The Department of Resident Life has unveiled its proposed fee structure for the 2016-17 academic year, and not all housing rates are increasing equally.
While the rate for standard doubles in traditional halls is increasing by less than 4 percent, fees for singles and rooms with bathrooms are going up almost 7 percent.
The disparity reflects progress toward a more differentiated housing rate structure, designed to base fees on the number of room occupants and amenities such as air conditioning and bathrooms.
“It really is an implementation that started last year,” said Mike Glowacki, Resident Life’s assistant to the director. “Prior to this year, most spaces cost about the same. We got a lot of support to change the way we do things.”
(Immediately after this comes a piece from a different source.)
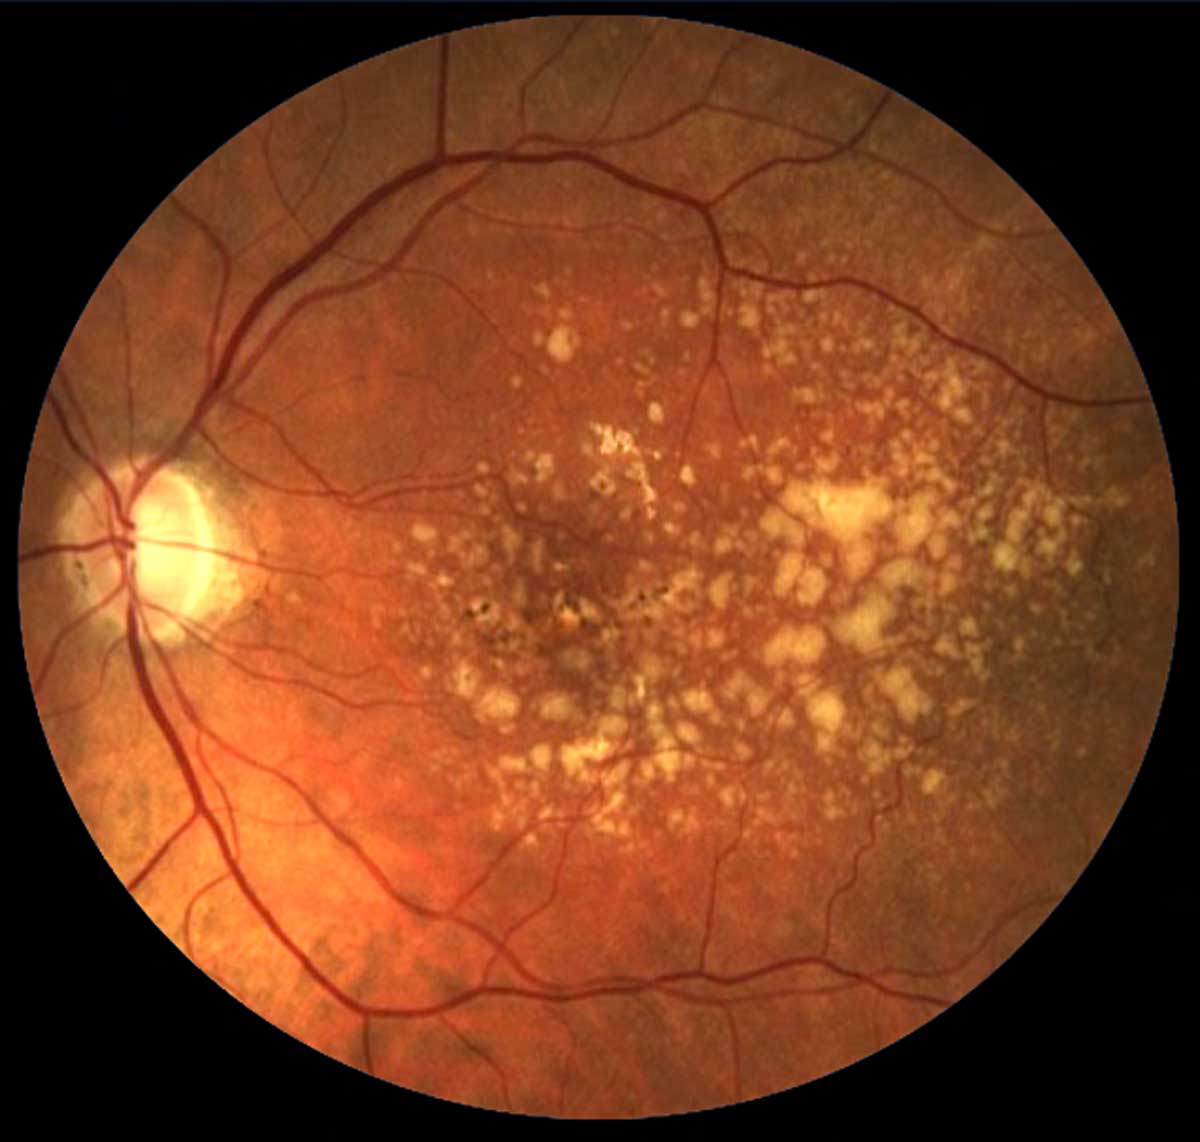 In cases of concurrent amblyopia and AMD, research shows that the amblyopic eye is typically less affected by AMD, though the mechanism behind this observation is unclear. 
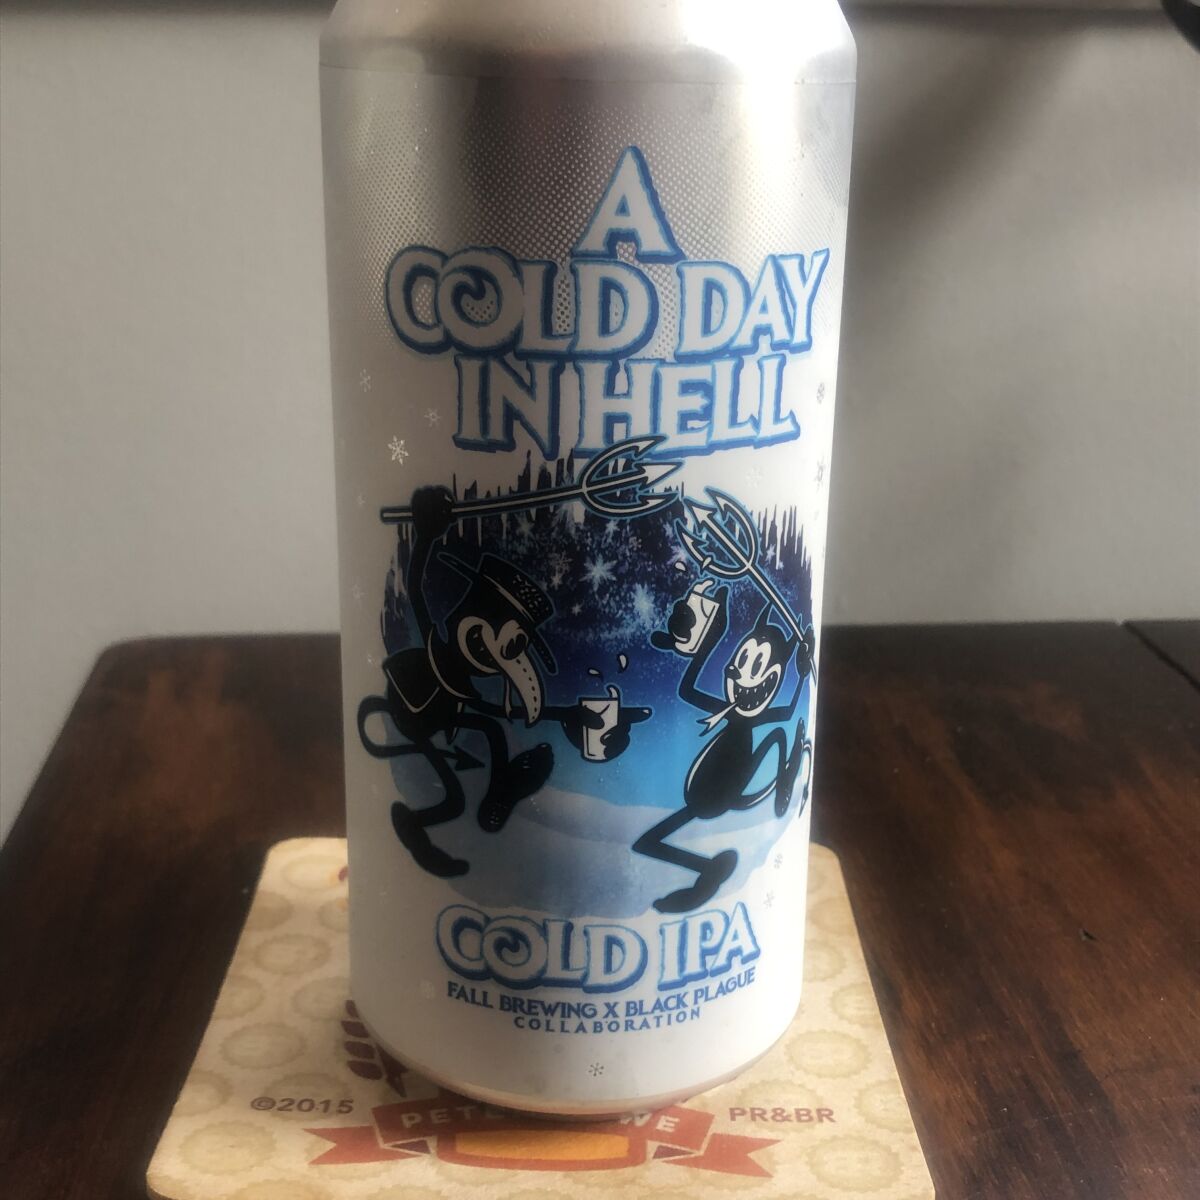 A new IPA called A Cold Day in Hell.

The plan for the differentiated rate structure, designed in conjunction with the Residence Hall Association Senate, is to phase in fees over a five-year period, Glowacki said. After the phase-in, all fees should increase by the same percentage.
Among the highest fee increases are those for singles with individual bathrooms. Students with these rooms next year will pay 9.15 percent more than they would have paid this academic year. Meanwhile, fee changes for triples and quads without bathrooms are among the lowest increases, rising less than 3.5 percent for those without air conditioning.
Glowacki added that most of the university’s peer institutions have differentiated housing rates.
Junior criminology and criminal justice major Jason Bounds said the differentiated rates are a welcome change for students who want to choose the kind of housing they live in.
“It’s really nice being able to have that option to select where you would like to live,” Bounds said. “There’s that economics side of it, that Maryland is kind of like forcing people to pay, so definitely giving that choice is a lot better.”
However, students often don’t have complete control over housing. Junior biology major Mariah Balmaceno-Criss noted that while the structure is nice for someone forced into a flex triple or quad, students who are randomly assigned a single now face substantially higher fees.
“I know that when my friend … switched into [the Integrated Life Sciences living-learning program], he was mandated to live in a single on the ninth floor of La Plata,” Balmaceno-Criss said. “That wasn’t his choice. In those circumstances, you can’t make somebody pay more because that’s not their choice.”
The proposed fee structure has gone through the university’s review process and is now under consideration by the University System of Maryland’s Board of Regents. Glowacki said rates should be finalized in the next few months.